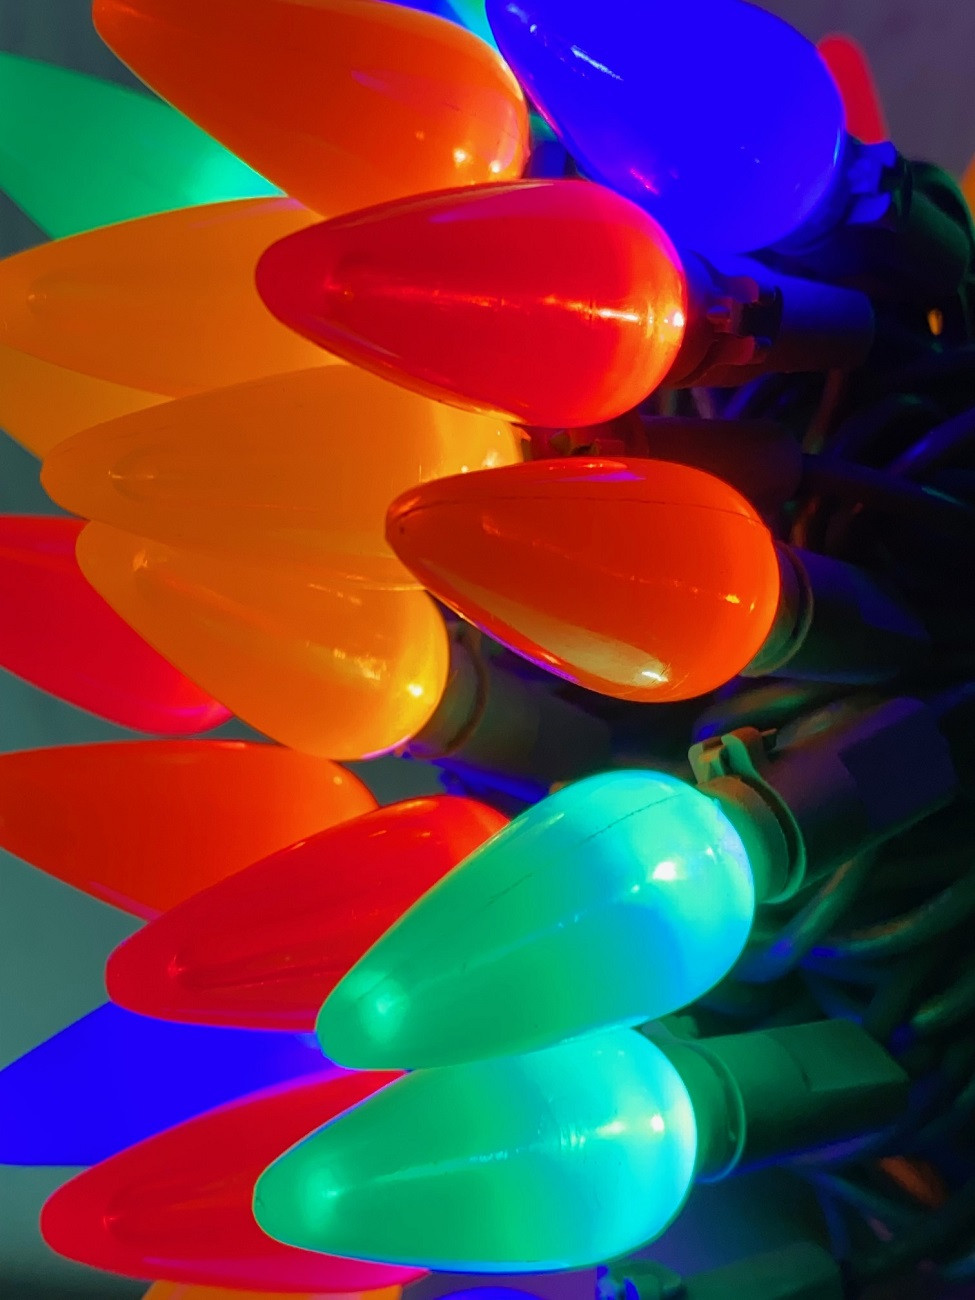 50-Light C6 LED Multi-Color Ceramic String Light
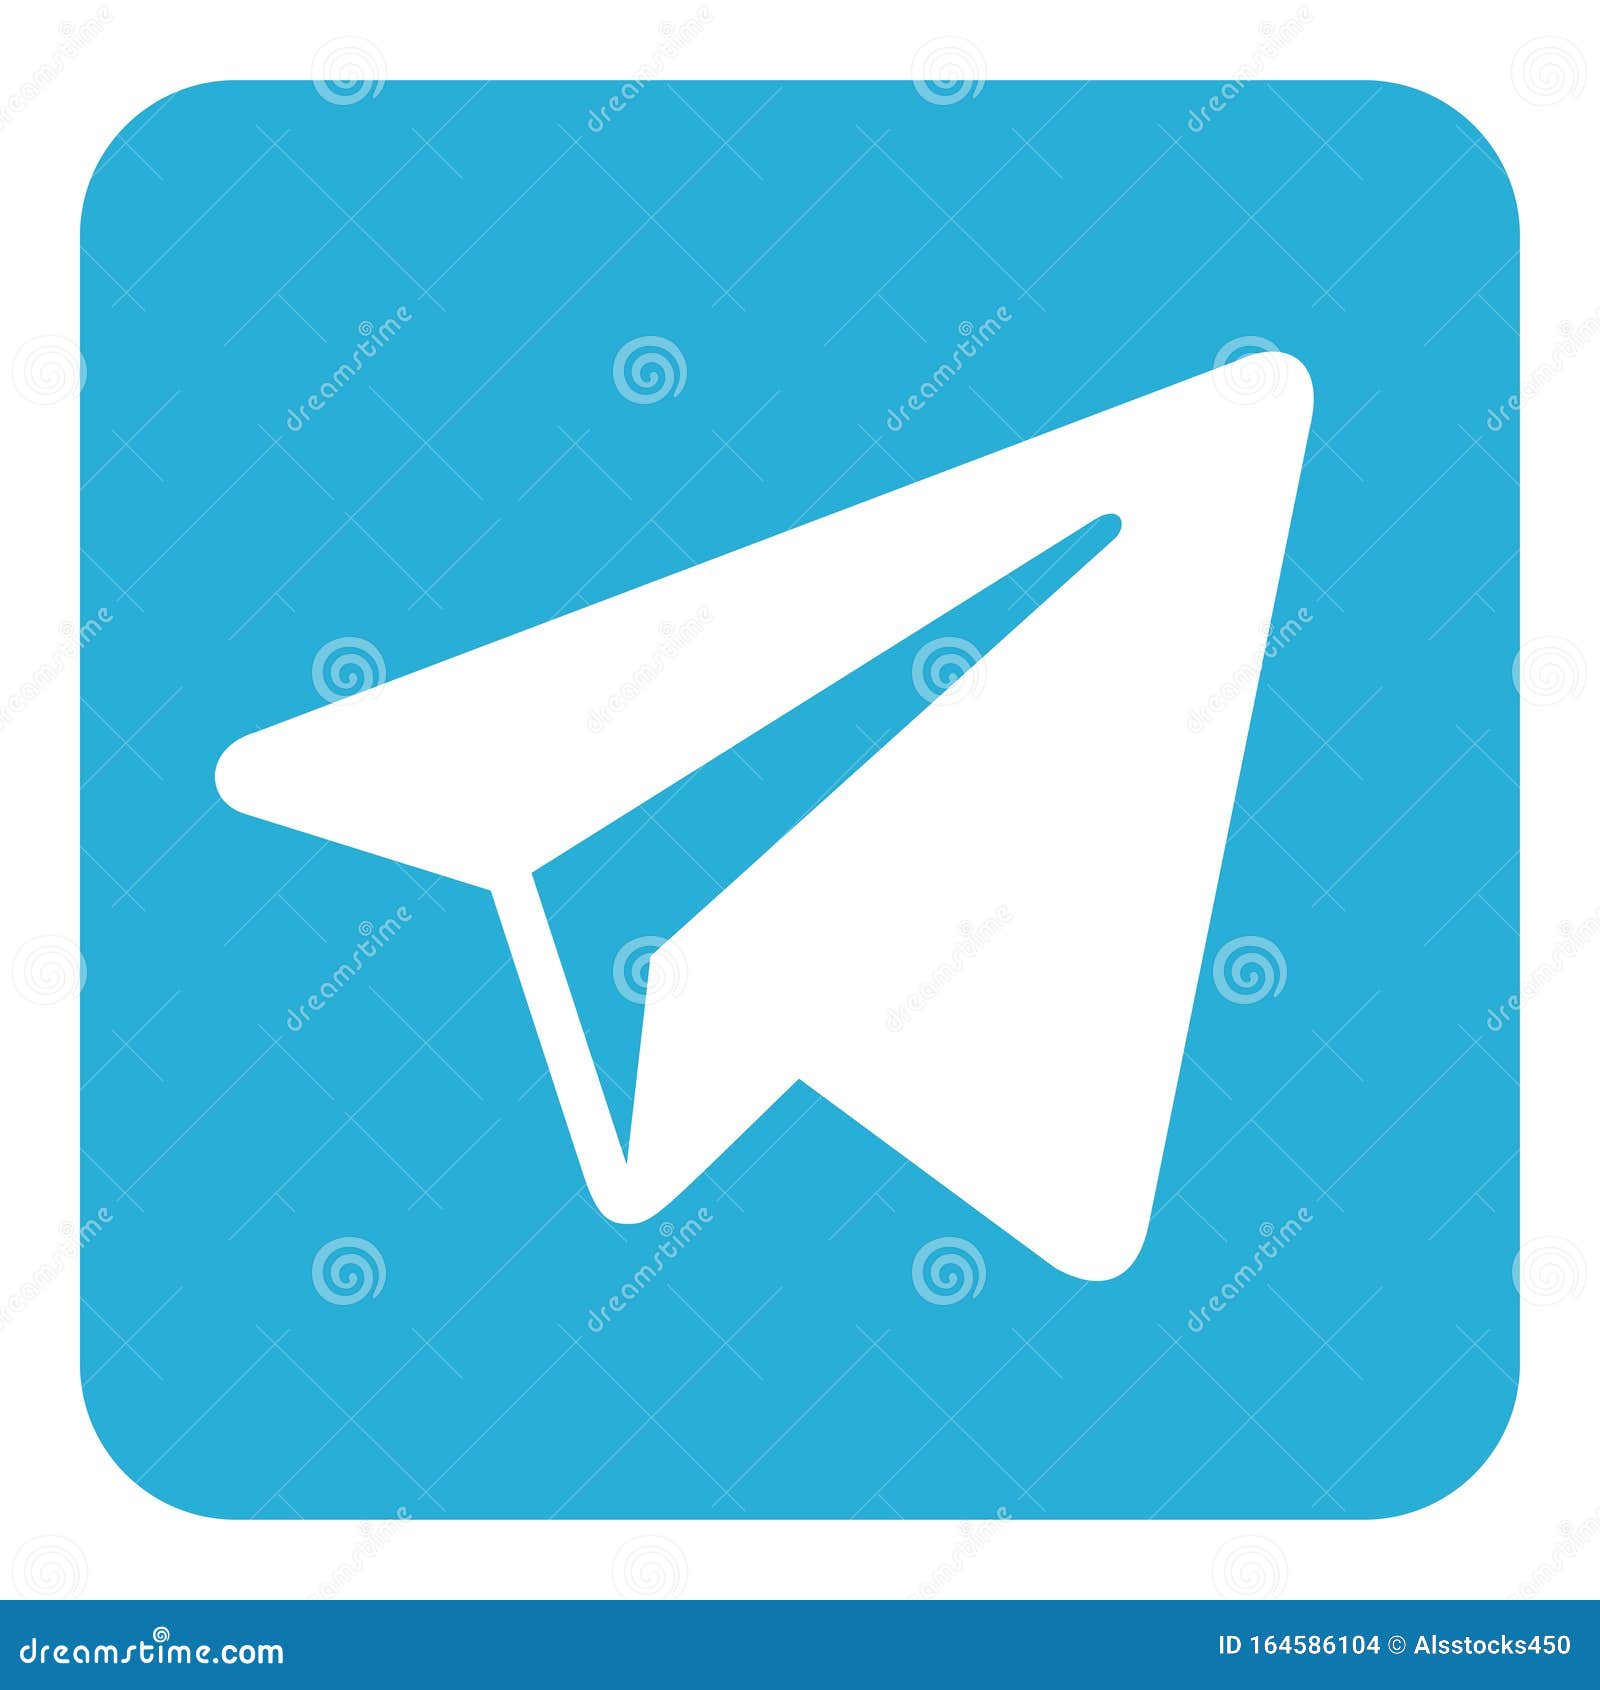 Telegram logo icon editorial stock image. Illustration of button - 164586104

==

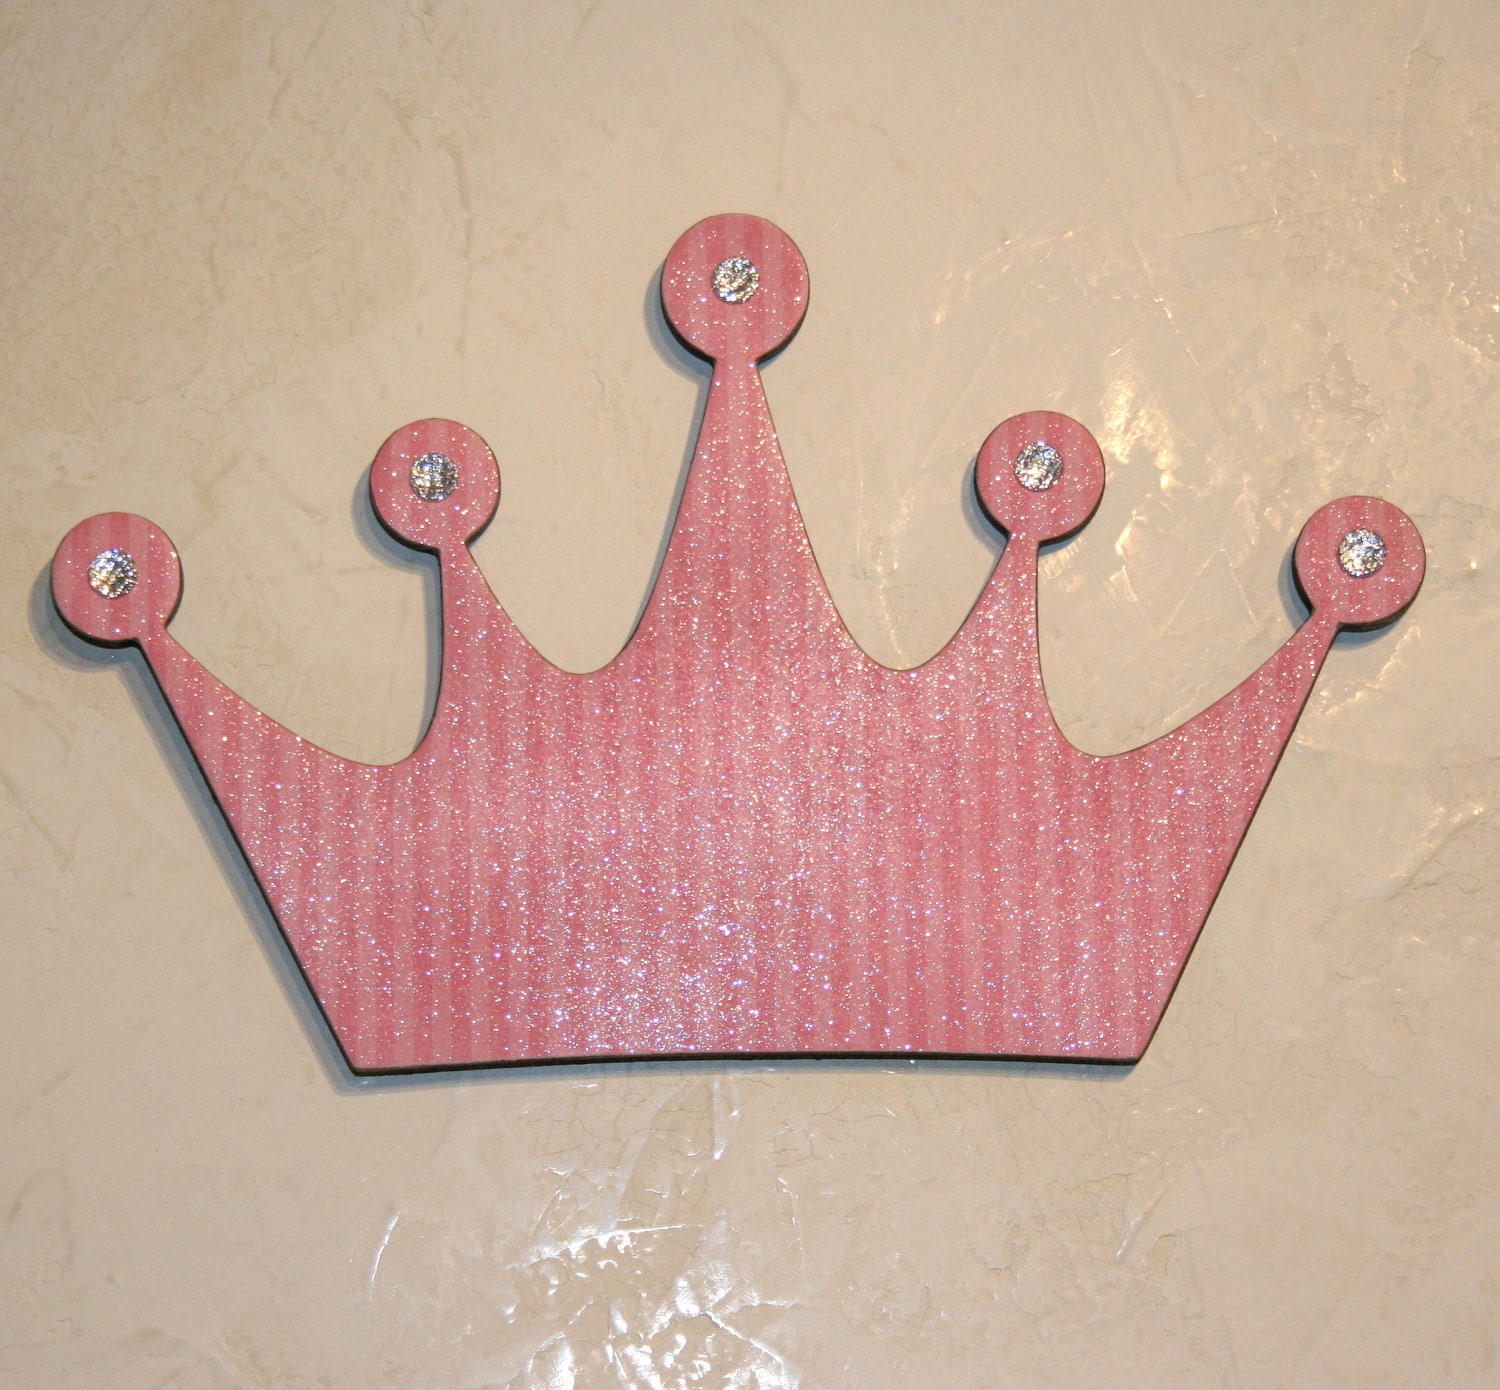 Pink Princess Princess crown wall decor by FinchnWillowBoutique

==

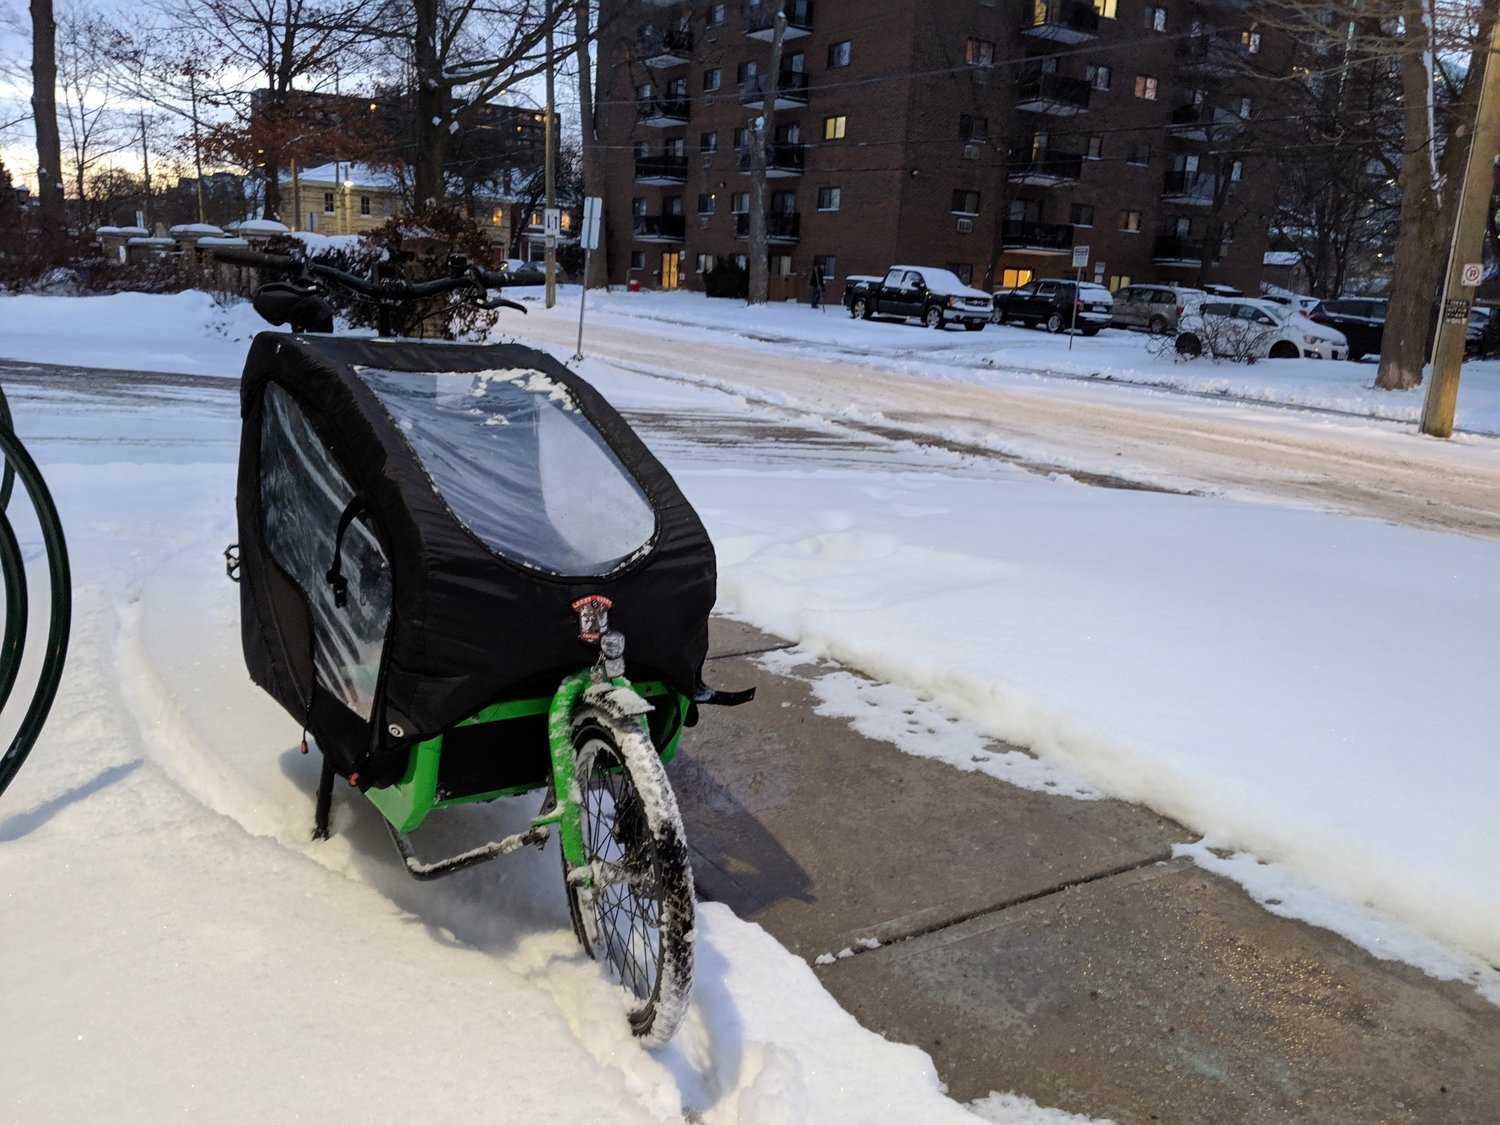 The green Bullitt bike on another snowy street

- Required action -
Using the records above, print exactly the run of lines that starts with the line with "50-Light C6 LED" and goes on through the line with "Telegram logo icon", pictures excluded.

- Reply -
 50-Light C6 LED Multi-Color Ceramic String Light
 Telegram logo icon editorial stock image. Illustration of button - 164586104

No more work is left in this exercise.